Опять попадал в больницу, печалился по телефону:
– Я, друг мой, не особо умный, зато угадчивый, углядчивый, по нужде уступчивый. Сочинил сюжет, скорбный, огорчительный, запрятал в глубинах памяти. Захочется потосковать, вспомню его, слезу пролью покрупнее. А то и зарыдаю с воплем.
– Запиши, Гоша. Дай и нам огорчиться.
– Нет и нет! Слова огрубят. Упростят его. А в памяти останется в чистоте замысла, с которым уйдем вместе.
Упрашивал перед концом, питаясь протертым супчиком и бессолевой кашей:
– Пожарь грибки, Маша. В сметане. С лучком. Как умеешь.
– Откуда их взять, Гоша? Зима на дворе.
– Пожарь. Ну, пожарь! Хоть слюну сглотнуть…
Гоша не появится больше на этих страницах, – как не помянуть его?
Жил запойно, хозяином застолья в охмеляющем кураже, но к рюмке прикасался не часто, пьяноватый без вина. Возле него было шумно, сытно и надежно.
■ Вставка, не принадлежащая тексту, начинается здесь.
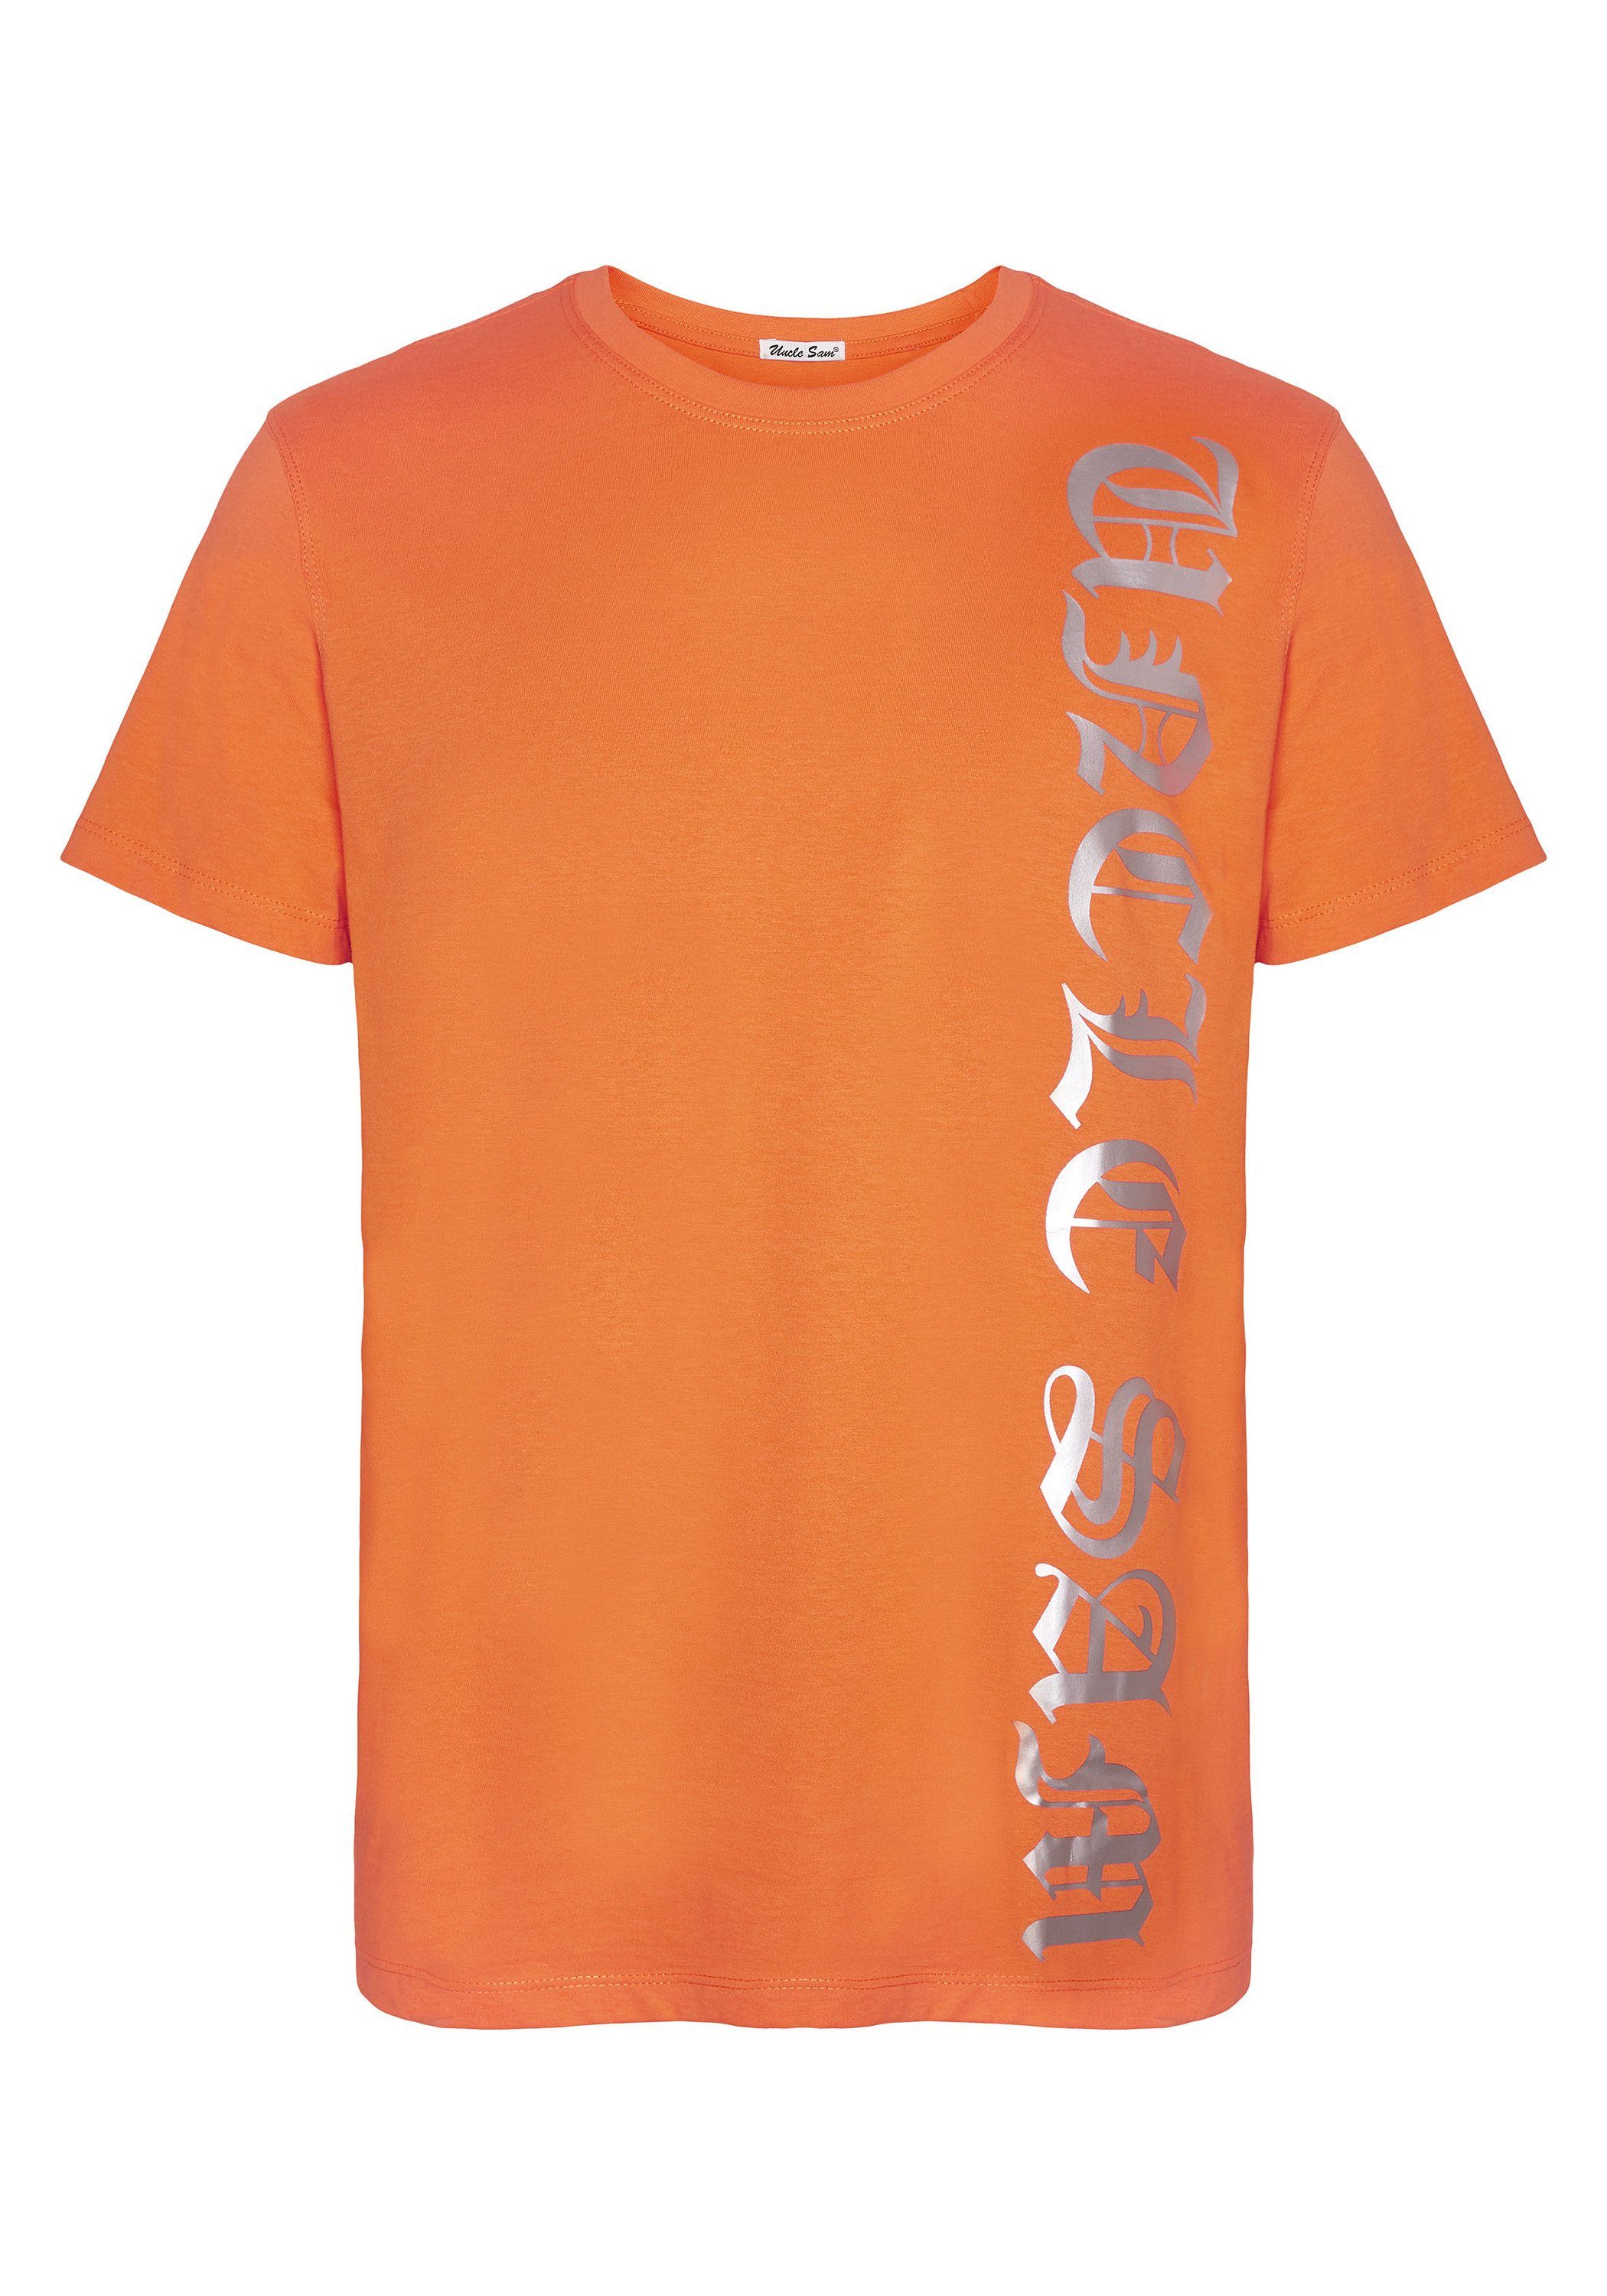 Uncle Sam Print-Shirt mit seitlichem Uncle Sam Logoprint 16-1362 Vermillon Orange

Дружба – так на разрыв рубахи, на распахнутость души и кармана; неприятие – до конца спора.
– Недостаточно, чтобы тебя любили. Надо, чтобы ненавидели. У кого нет настоящих врагов, нет и настоящих друзей.
Мечтал выдумать историю повеселее, споро отстучать на пишущей машинке, не удушая авторским мудрствованием; пусть прочитают ее и улыбаются, припоминая подробности.
– И если в горних высотах ведется отсчет достоинств и прегрешений, эту заслугу припомнят сочинителю.
Он опережал всех, опередил и тут. Пылкость натуры, ее увлеченность забрал с собой, чтобы взбодрить-взбудоражить снулых небожителей. «Гоша! Прибыл Гоша! Для забав-измышлений…»
– Мыслил себя в настоящем. Во все дни. Даже рассказы сочинял в настоящем времени. Неужто и я отживший? Разберись, сочинитель, пока способен…
Стали его хоронить. Стали оплакивать. Вычеркивать из телефонных книжек.
Недодышал, недописал, ушел за пределы понимания, затерявшись в кладбищенских просторах. Не ворвется – рубаха нараспашку, не встанет на пороге, белозубый, искрометный. Не закричит после первой рюмки:
– Закупаю! Тысячи своих книг! Загружаю в вертолет, разбрасываю над обширными территориями. Пусть заворачивают в них селедку!..
Не наговорит потешку:
– У попа была собака. У бабуси гуси. А у Анны у Иванны мужики на пузе.
Не захохочет первым…
– Закройте, – приказала Маша. – Это не он.
Крышку опустили на гроб.
Души возносятся‚ омываясь в небесных потоках. Очищаются от чувств-ощущений, и редко проявляются во снах, в прежних непозабытых обликах.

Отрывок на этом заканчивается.